The docfile (or any other file name) is a file that includes directory paths, that contain ASCII text files. Each line contains only one path.

A demo input file (demo_docfile) is provided, as well as the corresponding, necessary demo directories (testing_dirs).

Processes communication

In the beginning, the jobExecutor application reads the input file, initiates the w Workers processes and evenly distribute the containing directory paths to Workers. The directories should be flat e.g. they should not contain sub-directories, but only text files.

The figure above depicts a representation of the application's structure.

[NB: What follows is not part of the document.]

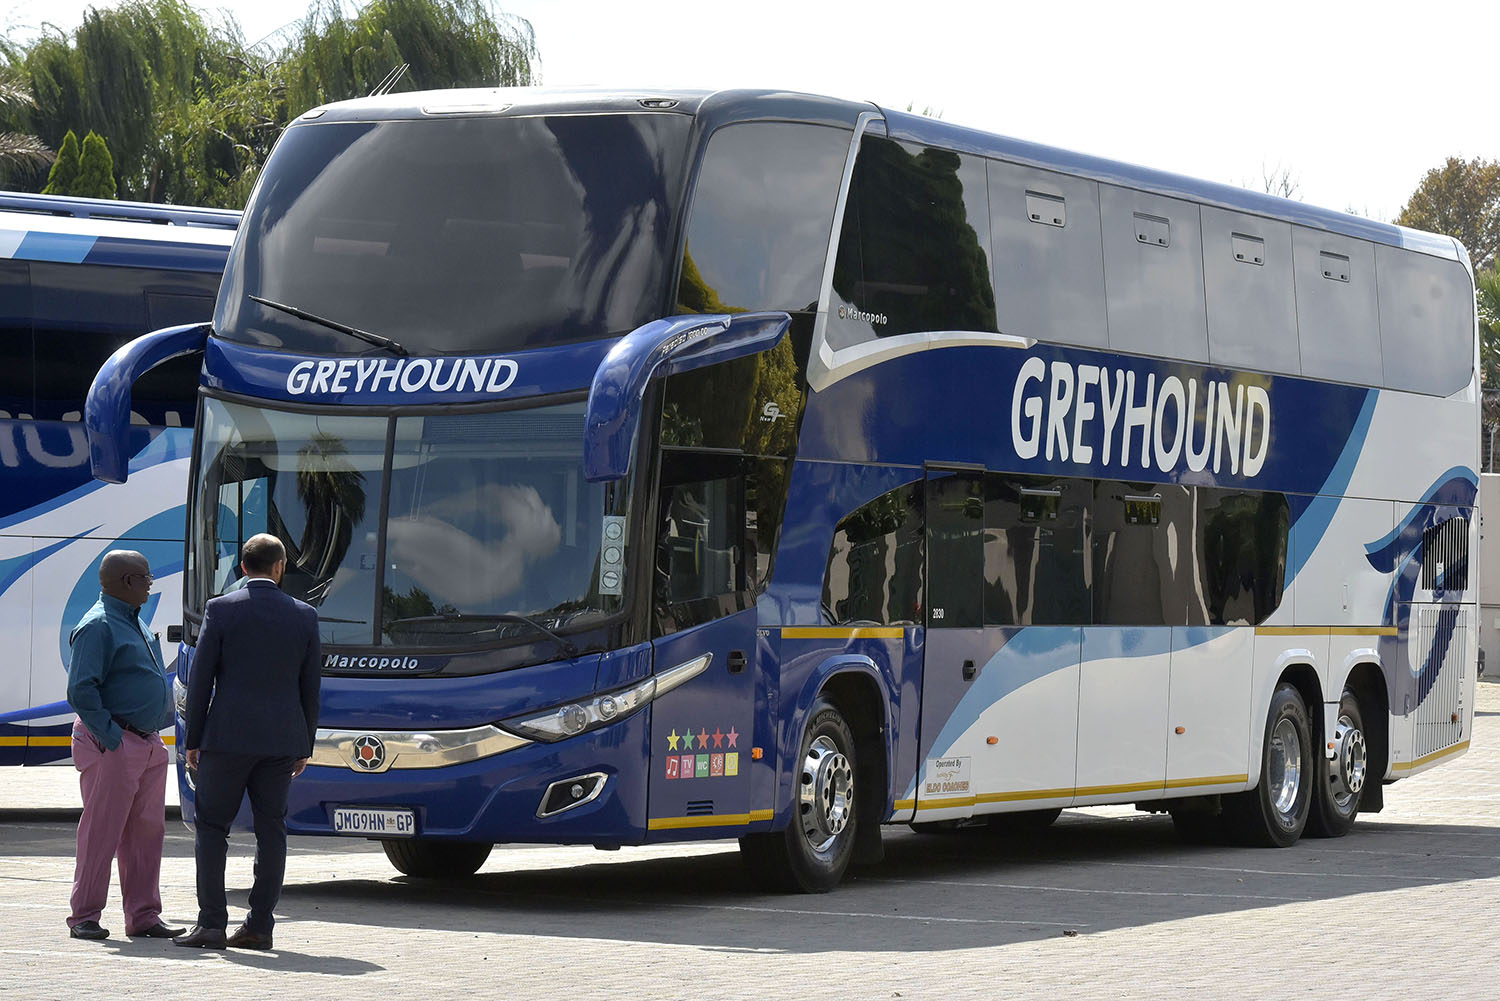 Greyhound buses back on the road after recovering from pandemic standstill
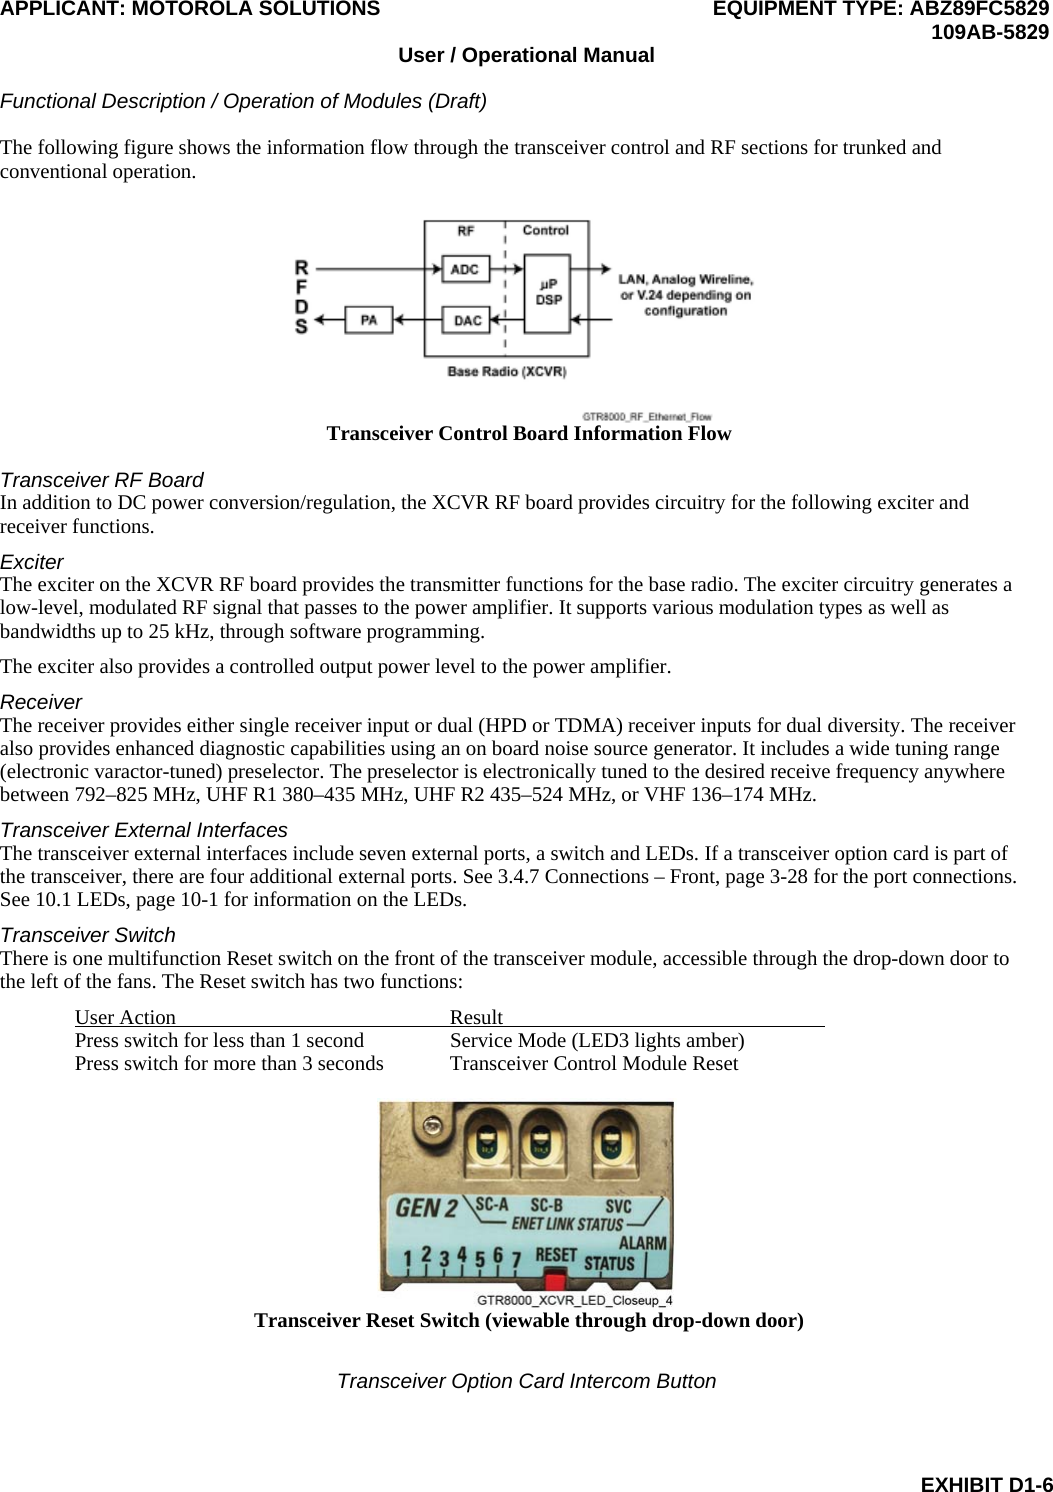 APPLICANT: MOTOROLA SOLUTIONS EQUIPMENT TYPE: ABZ89FC5829 109AB-5829 User / Operational Manual Functional Description / Operation of Modules (Draft) EXHIBIT D1-6 The following figure shows the information flow through the transceiver control and RF sections for trunked and conventional operation. Transceiver Control Board Information Flow Transceiver RF Board In addition to DC power conversion/regulation, the XCVR RF board provides circuitry for the following exciter and receiver functions. Exciter The exciter on the XCVR RF board provides the transmitter functions for the base radio. The exciter circuitry generates a low-level, modulated RF signal that passes to the power amplifier. It supports various modulation types as well as bandwidths up to 25 kHz, through software programming. The exciter also provides a controlled output power level to the power amplifier. Receiver The receiver provides either single receiver input or dual (HPD or TDMA) receiver inputs for dual diversity. The receiver also provides enhanced diagnostic capabilities using an on board noise source generator. It includes a wide tuning range (electronic varactor-tuned) preselector. The preselector is electronically tuned to the desired receive frequency anywhere between 792–825 MHz, UHF R1 380–435 MHz, UHF R2 435–524 MHz, or VHF 136–174 MHz. Transceiver External Interfaces The transceiver external interfaces include seven external ports, a switch and LEDs. If a transceiver option card is part of the transceiver, there are four additional external ports. See 3.4.7 Connections – Front, page 3-28 for the port connections. See 10.1 LEDs, page 10-1 for information on the LEDs. Transceiver Switch There is one multifunction Reset switch on the front of the transceiver module, accessible through the drop-down door to the left of the fans. The Reset switch has two functions: User Action  Result Press switch for less than 1 second  Service Mode (LED3 lights amber) Press switch for more than 3 seconds  Transceiver Control Module Reset Transceiver Reset Switch (viewable through drop-down door) Transceiver Option Card Intercom Button

The communication between the jobExecutor and each Worker is conducted through named pipes.

The jobExecutor informs a Worker that it intends to transfer a command to it, through the piping, so that the Worker be able to read it.

If the jobExecutor is informed that a Worker has terminated (e.g. due to receiving a SIGKILL signal), it creates a new Worker and transfers the directories' pathnames, that the dead Worker was managing. When the status of a child-process changes, the Linux kernel sends the SIGCHLD signal to its parental process. Thus, the jobExecutor manages this signal in order to be notified of the status change, in any of the Workers, and act properly.

A makefile is provided. You can use the command $ make for easy compilation, $ make clean to delete all *.o auto generated files and $ make delete_logs to delete all generated Workers' logs in the log folder.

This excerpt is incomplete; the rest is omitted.